The thing is how does this compare in real life with the AMD GX-412TC, the processor that feature most PC Engines boards?I know the AMD should be superior on paper featuring 4 cores instead of 2 of the Intel but the AMD is clocked only at 1Ghz.
-
Hello
I just bought an xg105 and have successfully installed pfsense following the guide above.
However it seems like have trouble assigning the interfaces. The auto feature won't work for WAN.
Which LAN ports you use for what?
Is there any particular trick with setting those up?
-
The auto-detect feature cannot work with some NICs, it's dependent on the PHY reporting,
Just assign the NICs manually then check at the command line to make sure you know whoch ports they are. Plug in an active cable, run
ifconfig
, see which NIC is active. You can always reassign them at any time.Steve
-
@stephenw10 said in Installing pfSense on Sophos XG 105 rev. 2:
The auto-detect feature cannot work with some NICs, it's dependent on the PHY reporting,
Just assign the NICs manually then check at the command line to make sure you know whoch ports they are. Plug in an active cable, run
ifconfig
, see which NIC is active. You can always reassign them at any time.Steve
Thank you so much Steve.
I'll give these suggestions a go. -
@stephenw10 said in Installing pfSense on Sophos XG 105 rev. 2:
The auto-detect feature cannot work with some NICs, it's dependent on the PHY reporting,
Just assign the NICs manually then check at the command line to make sure you know whoch ports they are. Plug in an active cable, run
ifconfig
, see which NIC is active. You can always reassign them at any time.Steve
Hey Steve,
I was able to assign the interfaces eventually (thank you!) and I can now see them within the WebGUI too. However, the WAN interface doesn't look like it's actually connected despite both of them show as ''up''. (WAN IP shows 0.0.0.0)

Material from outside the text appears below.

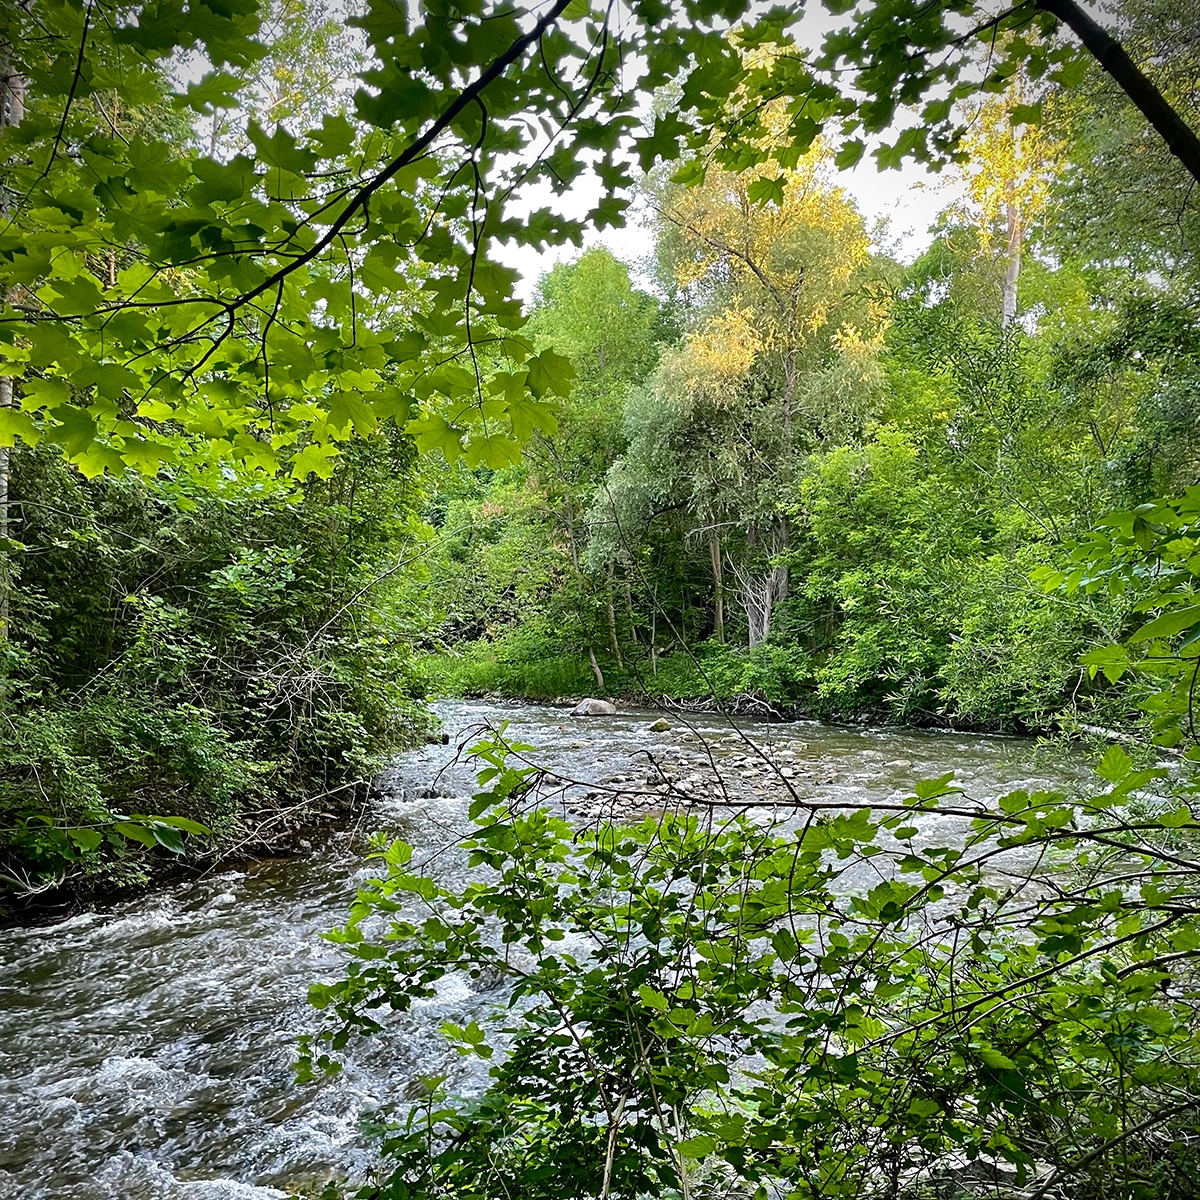 The Bear River in Petoskey, Michigan.

LAN is obviously working as I can navigate and tweak anything I want within pfsense.For testing purposes, I loaded onto this box a pfsense configuration which I currently use with my main APU2C4 pfsense built but again WAN is 0.0.0.0
In the diagnostics tab I cannot ping any hosts so I guess there's no connection with the outside world. I assumed that loading an existing configuration to a new installation would instantly work but that's not the case here.
What am I doing wrong? Is there anything I'll have to check or change that I'm missing?
-
@gtj said in Installing pfSense on Sophos XG 105 rev. 2:
WAN IP shows 0.0.0.0
Usually that means it's configured as DHCP but cannot pull a lease, is that the case?
What is it connected to? Check the dhcp logs for dhclient entries.
Steve
-
@stephenw10 said in Installing pfSense on Sophos XG 105 rev. 2:
@gtj said in Installing pfSense on Sophos XG 105 rev. 2:
WAN IP shows 0.0.0.0
Usually that means it's configured as DHCP but cannot pull a lease, is that the case?
What is it connected to? Check the dhcp logs for dhclient entries.
Steve
It is Indeed but so is my Backup configuration I loaded from the man pfsense router. That one connects to the web no problem.
-
So what is it connected to?
If it's a cable modem is that locked to the MAC of the other pfSense WAN?
-
@stephenw10 said in Installing pfSense on Sophos XG 105 rev. 2:
So what is it connected to?
If it's a cable modem is that locked to the MAC of the other pfSense WAN?
It is a cable modem from those all in one devices the ISPs provide. I want to use it as a modem with PPPoE passthrough and use pfsense to handle the routing and WiFi.
-
Well I would try spoofing the WAN MAC address to the same as the old device then.
You could also connect it to some other device with a DHCP server in it to check it will pull a dhcp lease at all.